-- Data provided --

● ● ● ● ●

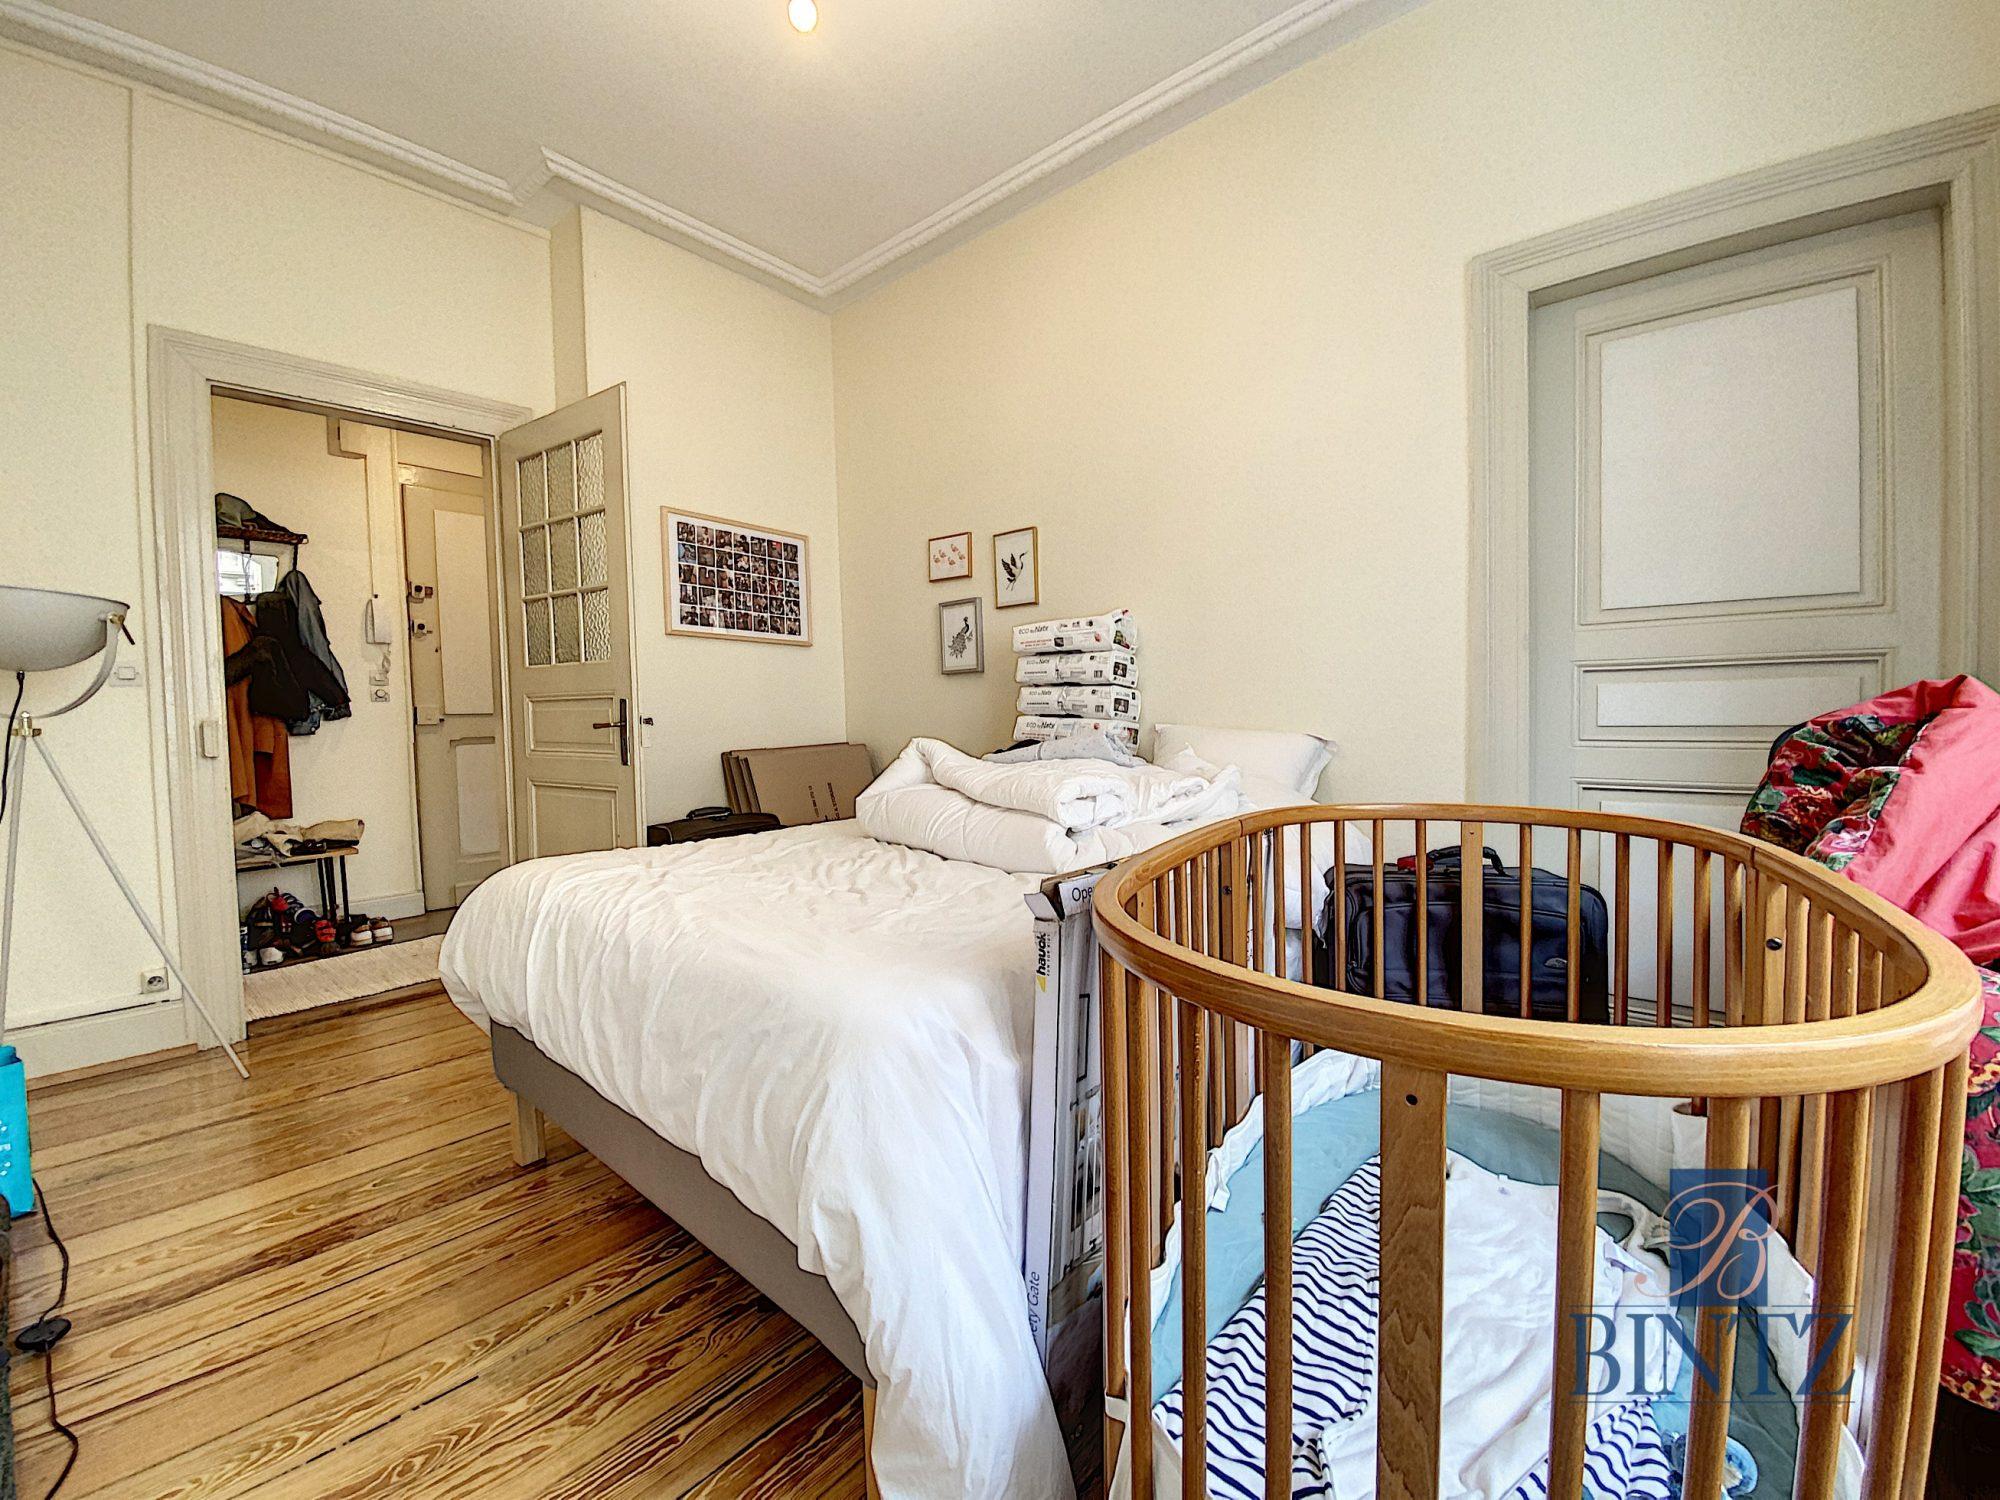 T4 PROCHE ORANGERIE - Devenez locataire en toute sérénité - Bintz Immobilier - 12
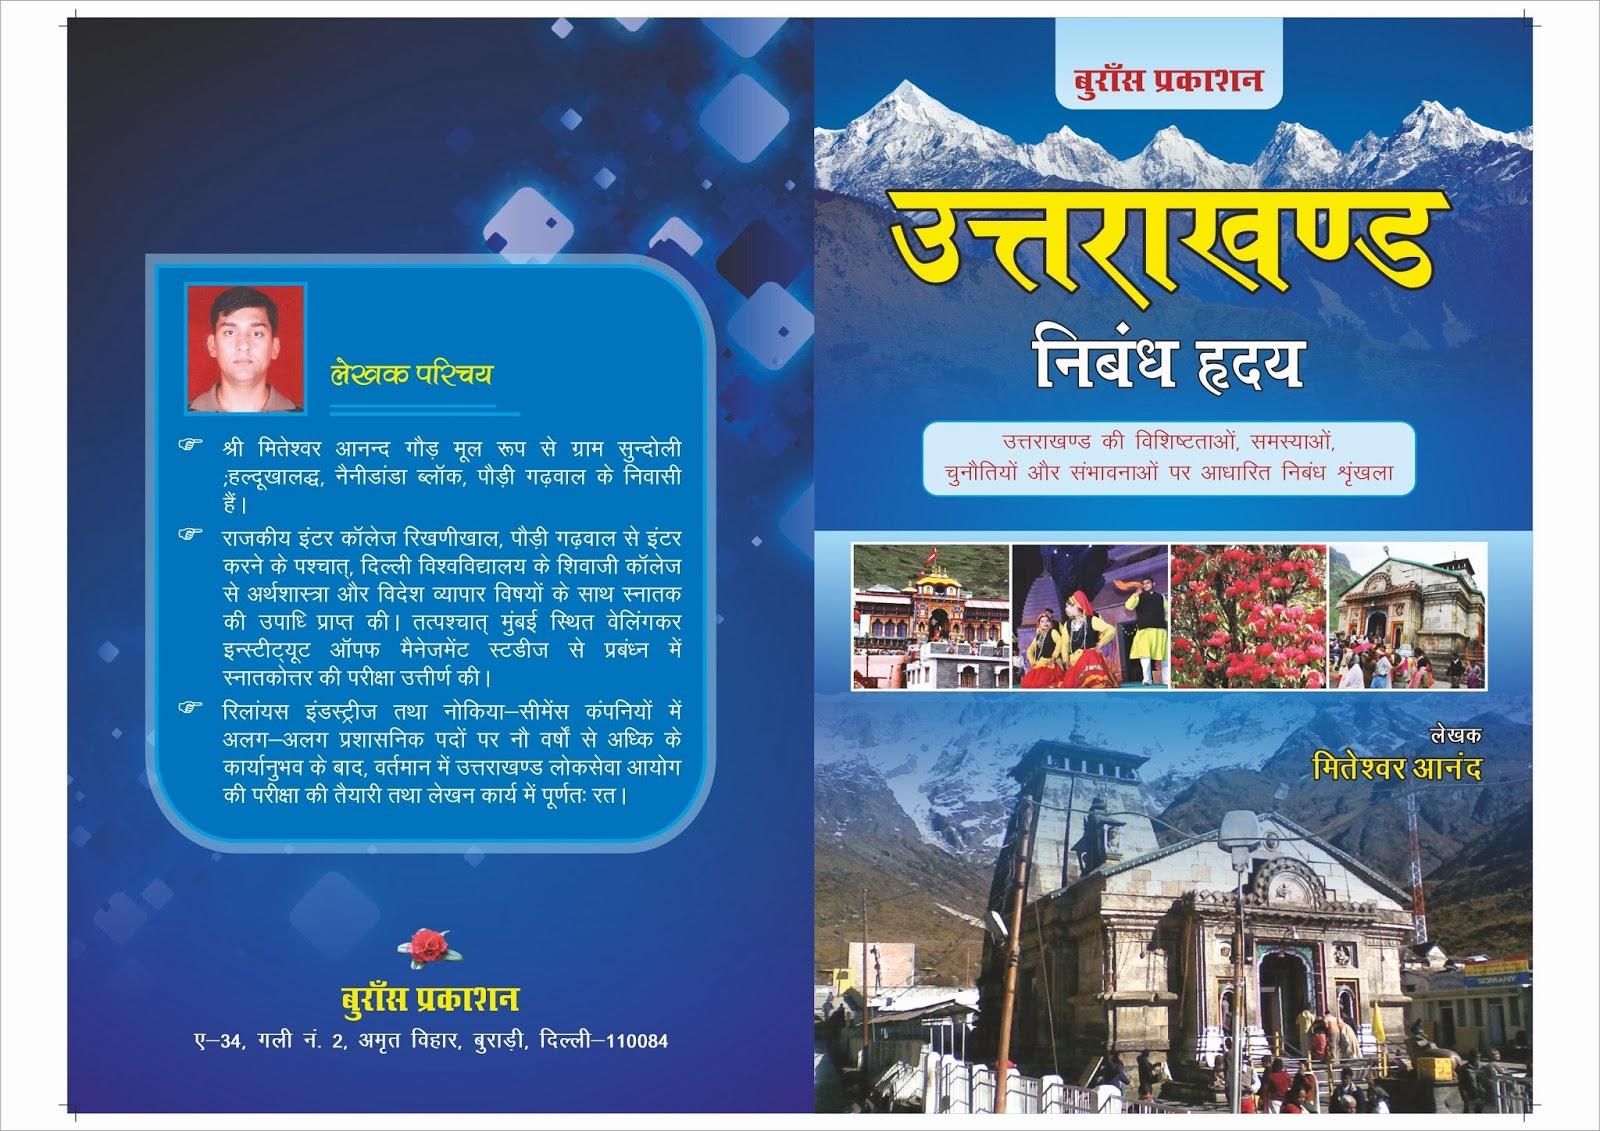 Haldukhal, Miteshwar Anand Gaur, nainidanda block, Pauri, Sundauli, Uttarakhand Essays, Uttarakhand Nibandha Hridaya,
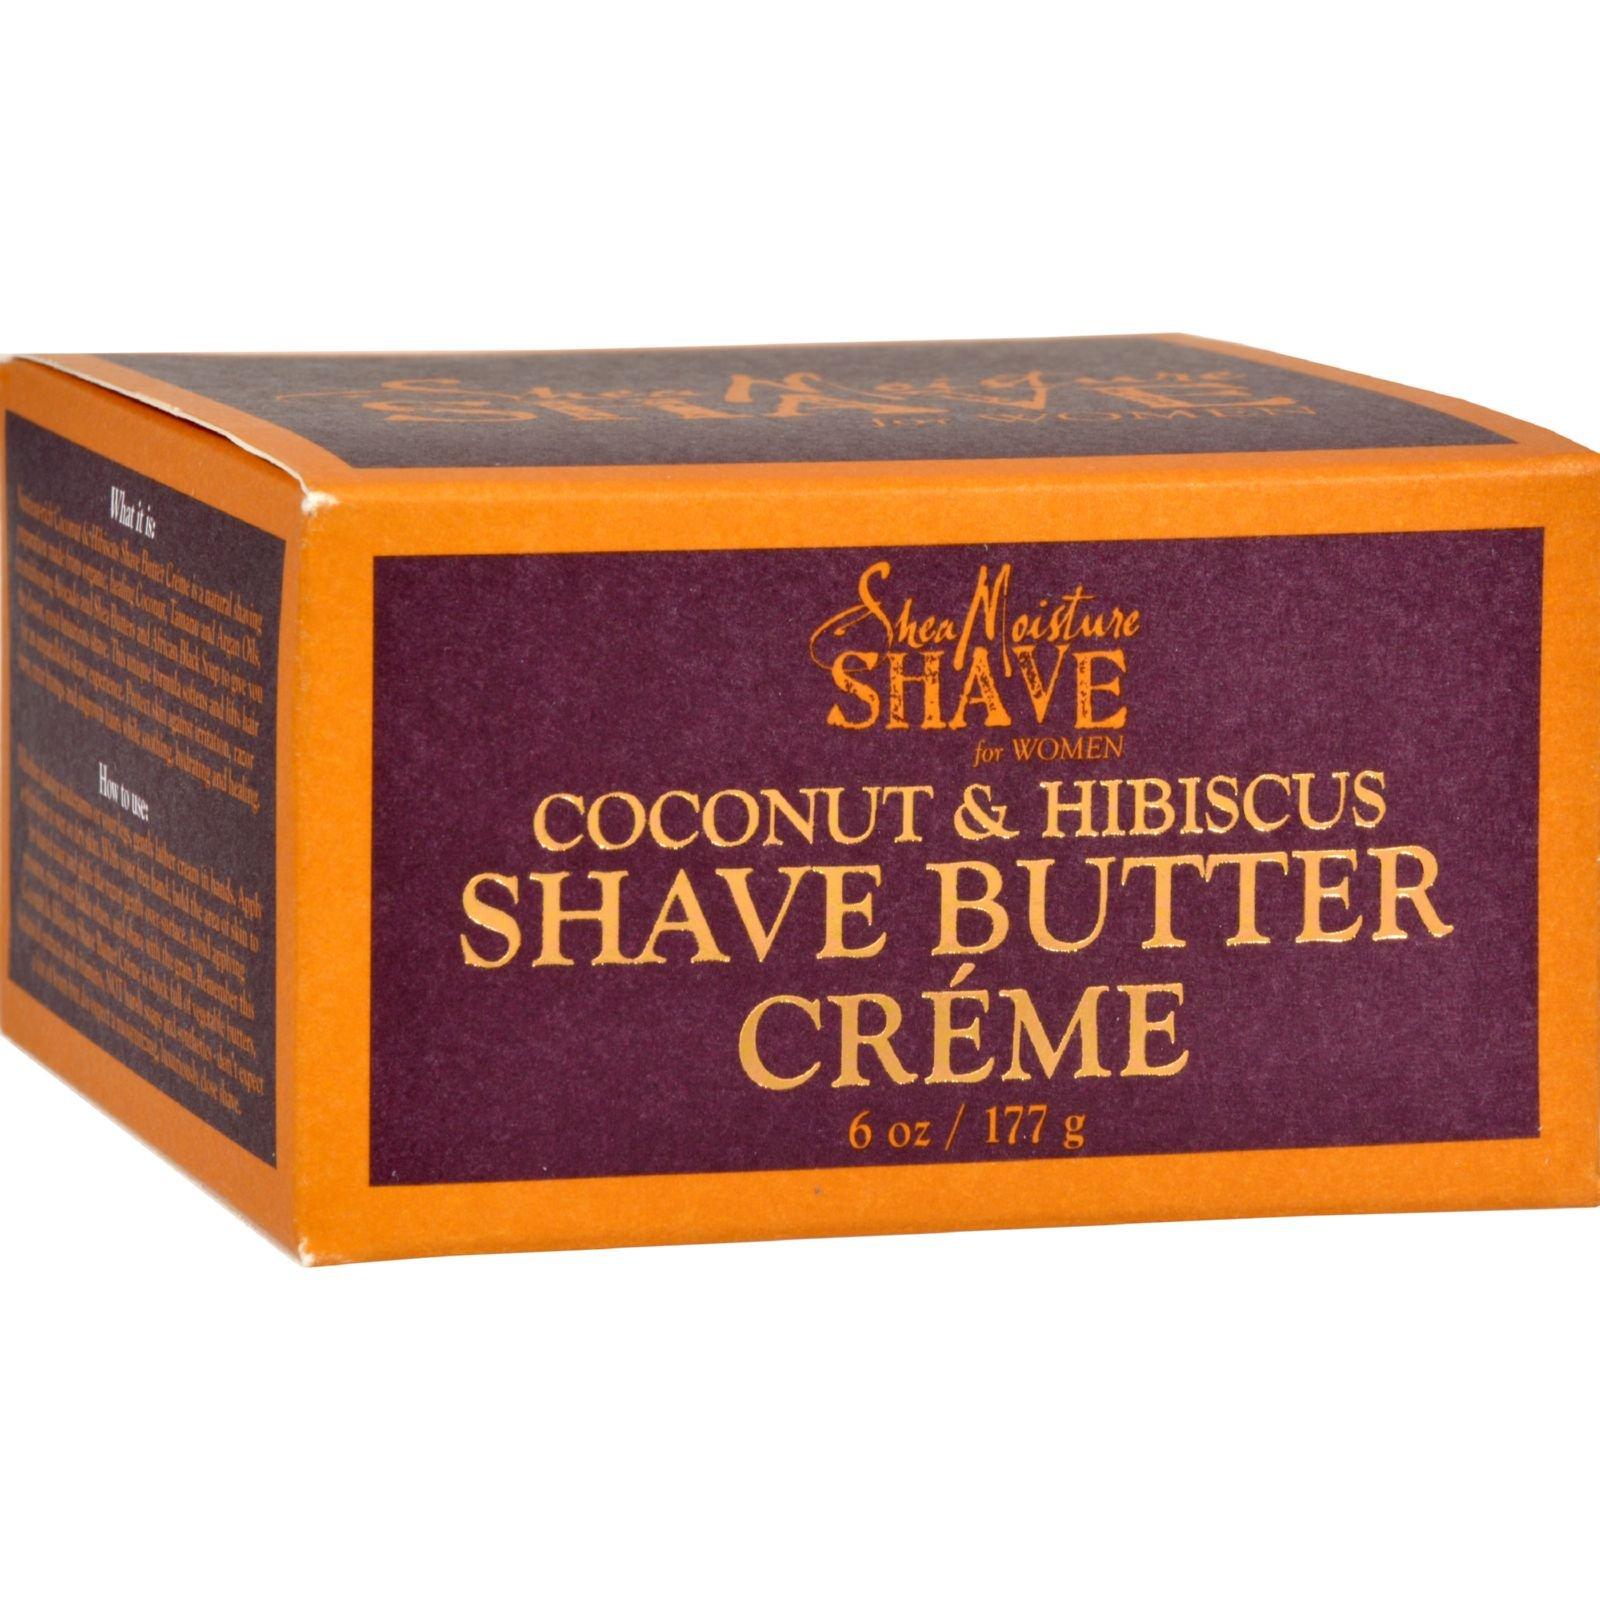 SHEA MOISTURE SHAVE BUTTER,COCONUT, 6 OZ
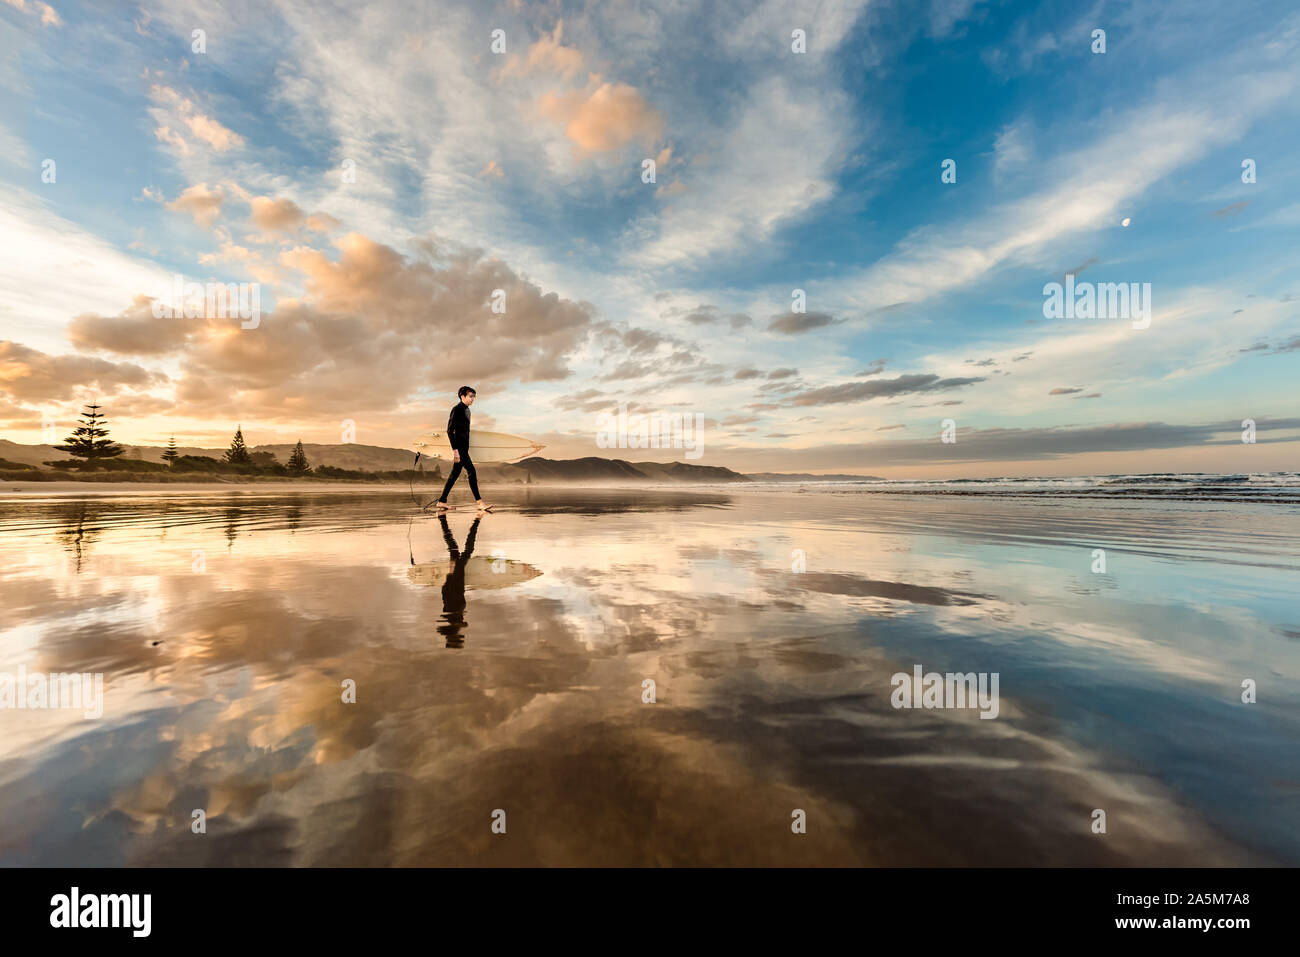 L'adolescent qui surf sur une plage en Nouvelle-Zélande au coucher du soleil Banque D'Images

● ● ● ● ●

-- What you are asked to do --
Before copying the data, remove the pictures. Then repeat the rest exactly.

-- Task answer --
 T4 PROCHE ORANGERIE - Devenez locataire en toute sérénité - Bintz Immobilier - 12
 Haldukhal, Miteshwar Anand Gaur, nainidanda block, Pauri, Sundauli, Uttarakhand Essays, Uttarakhand Nibandha Hridaya,
 SHEA MOISTURE SHAVE BUTTER,COCONUT, 6 OZ
 L'adolescent qui surf sur une plage en Nouvelle-Zélande au coucher du soleil Banque D'Images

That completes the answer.